:: Given material ::
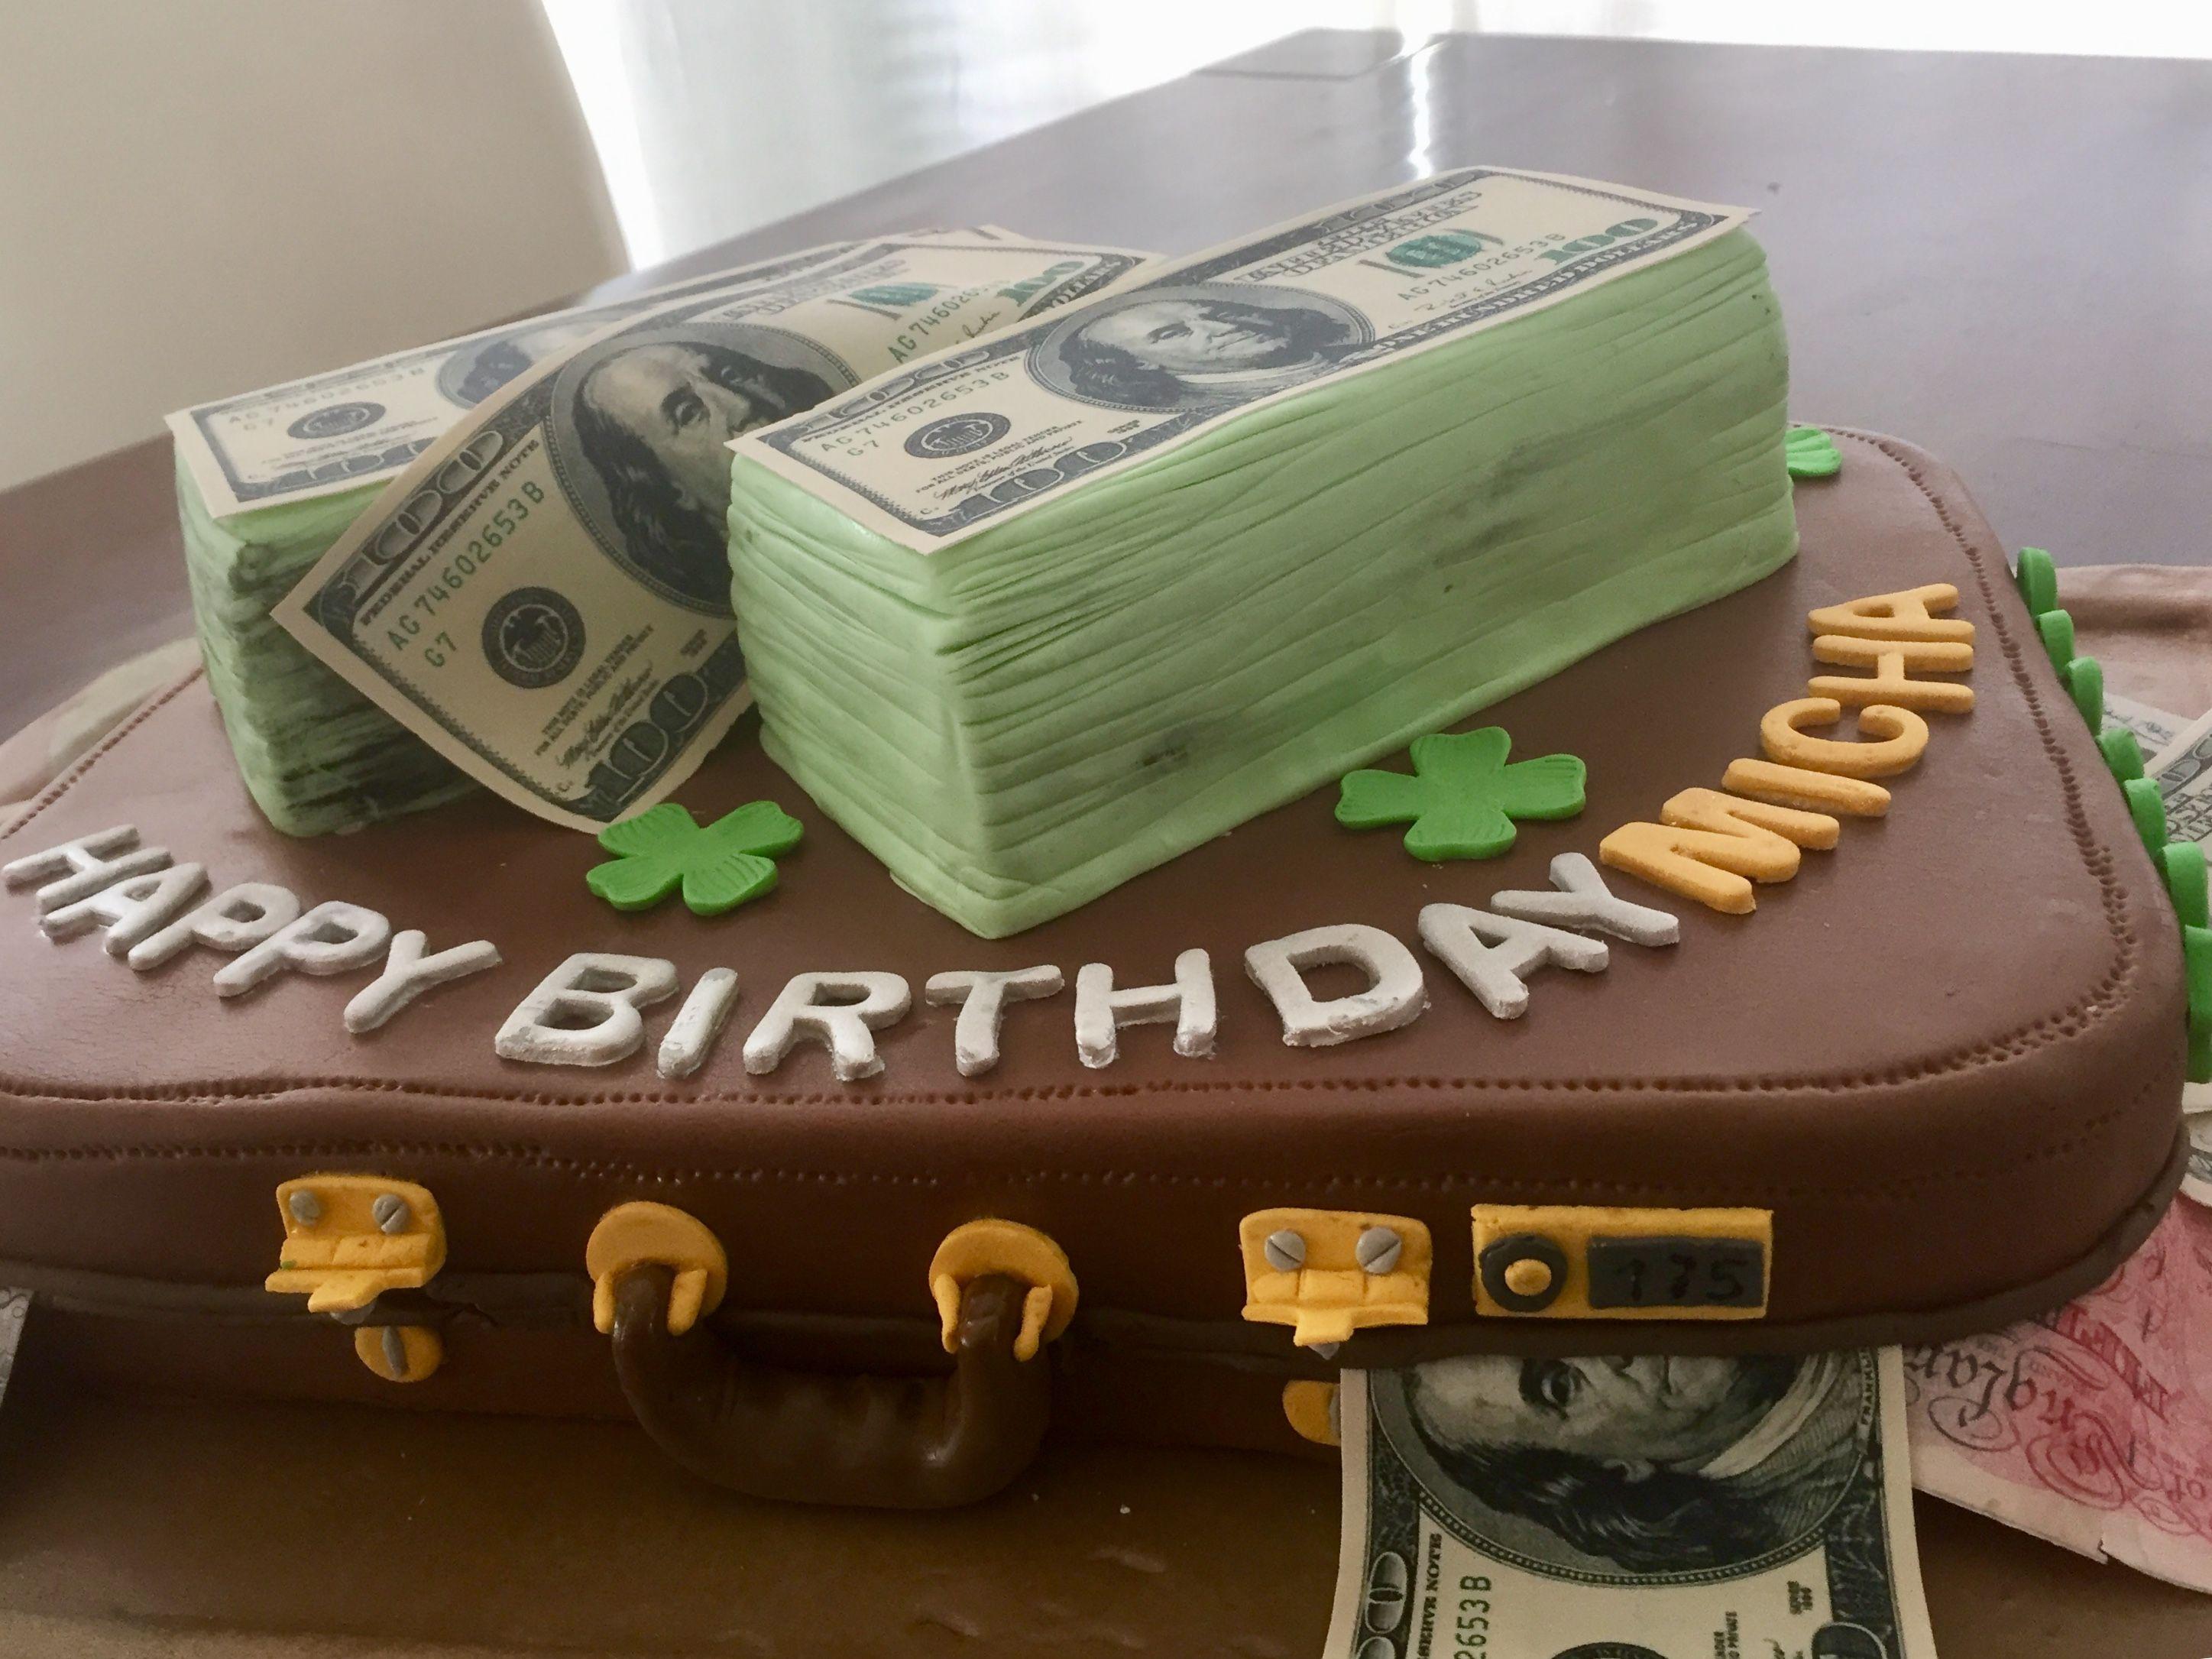 Money Cake Zum Geburtstag Fullung Himbeercreme Und Nougatcreme Himbeercreme Nougatcreme Himbeeren
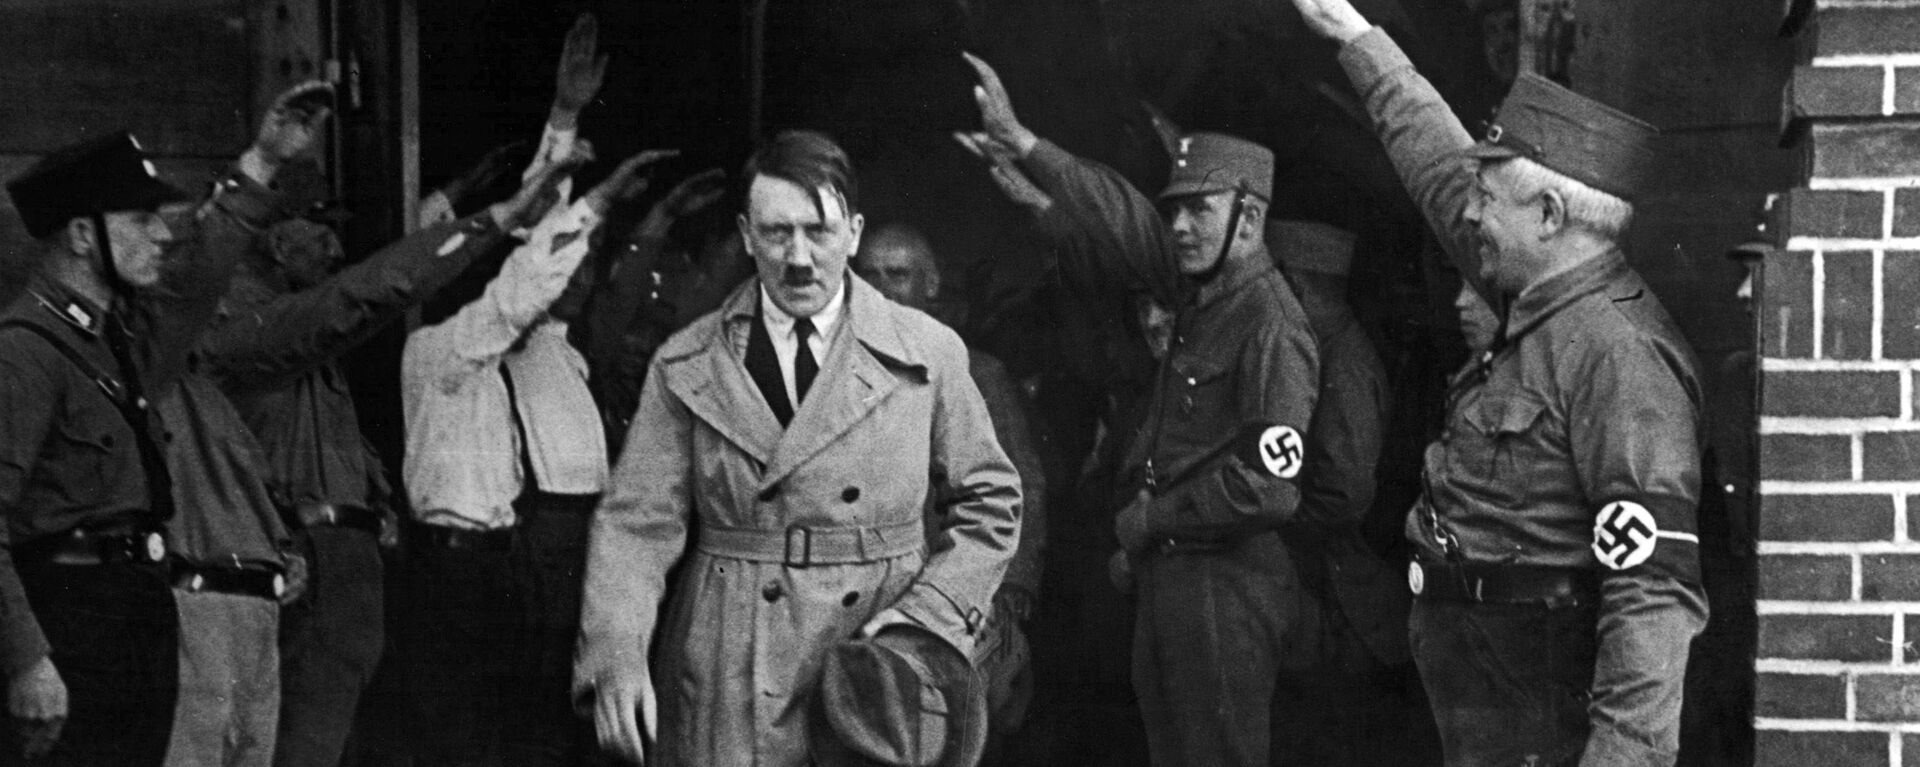 Adolf Hitler, líder de la Alemania nazi (archivo) - Sputnik Mundo, 1920, 17.12.2020
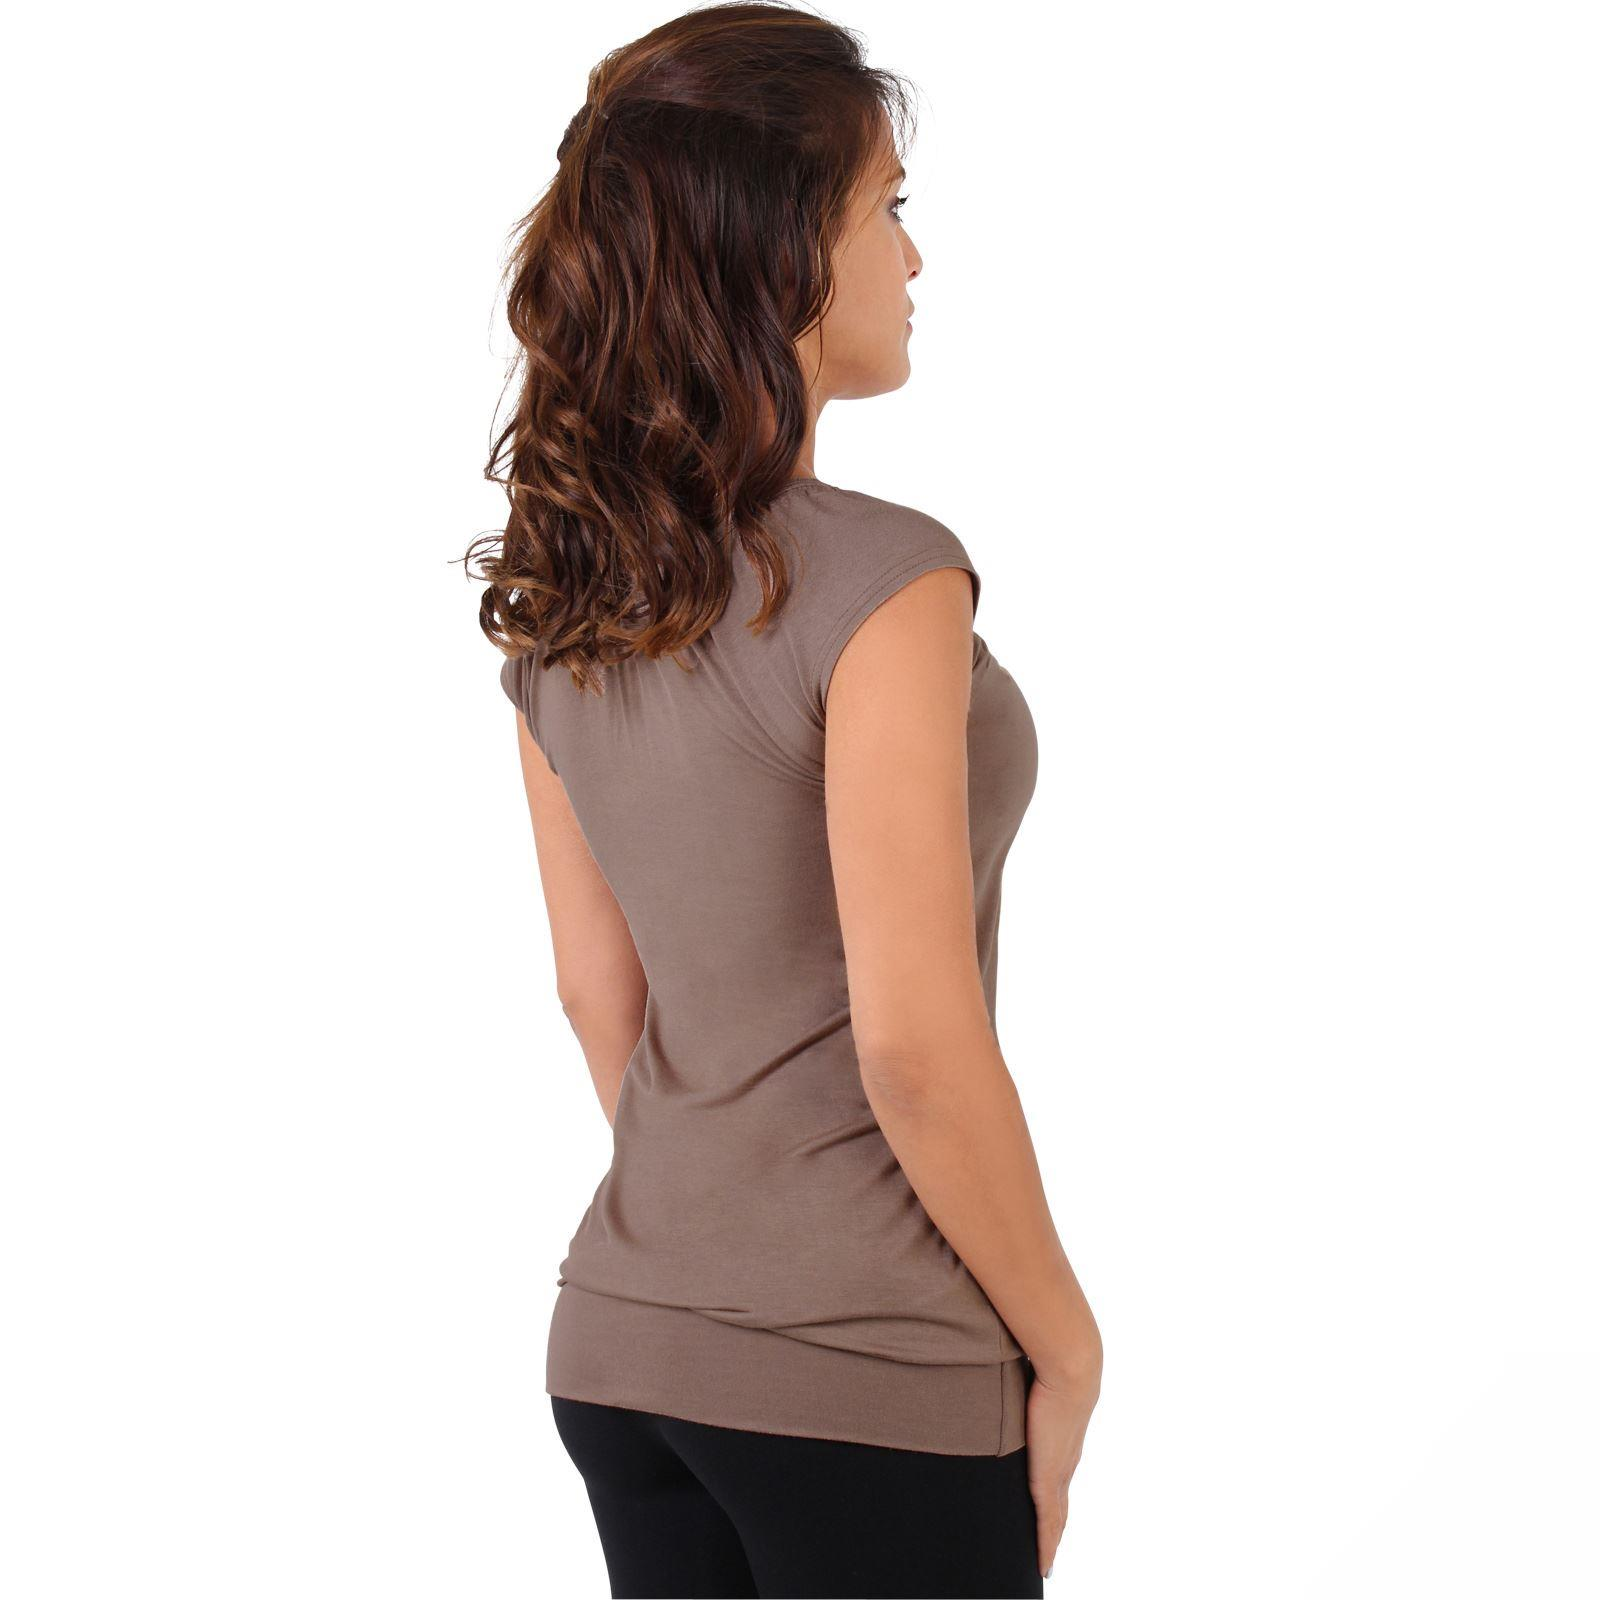 Womens-Ladies-Scoop-Neck-Blouse-V-T-Shirt-Long-Short-Sleeve-Plain-Loose-Top thumbnail 30
:::
**Task objective:**
Would you write out all of the data exactly as it stands, without the pictures?

**Response to the exercise:**
 Money Cake Zum Geburtstag Fullung Himbeercreme Und Nougatcreme Himbeercreme Nougatcreme Himbeeren
 Adolf Hitler, líder de la Alemania nazi (archivo) - Sputnik Mundo, 1920, 17.12.2020
 Womens-Ladies-Scoop-Neck-Blouse-V-T-Shirt-Long-Short-Sleeve-Plain-Loose-Top thumbnail 30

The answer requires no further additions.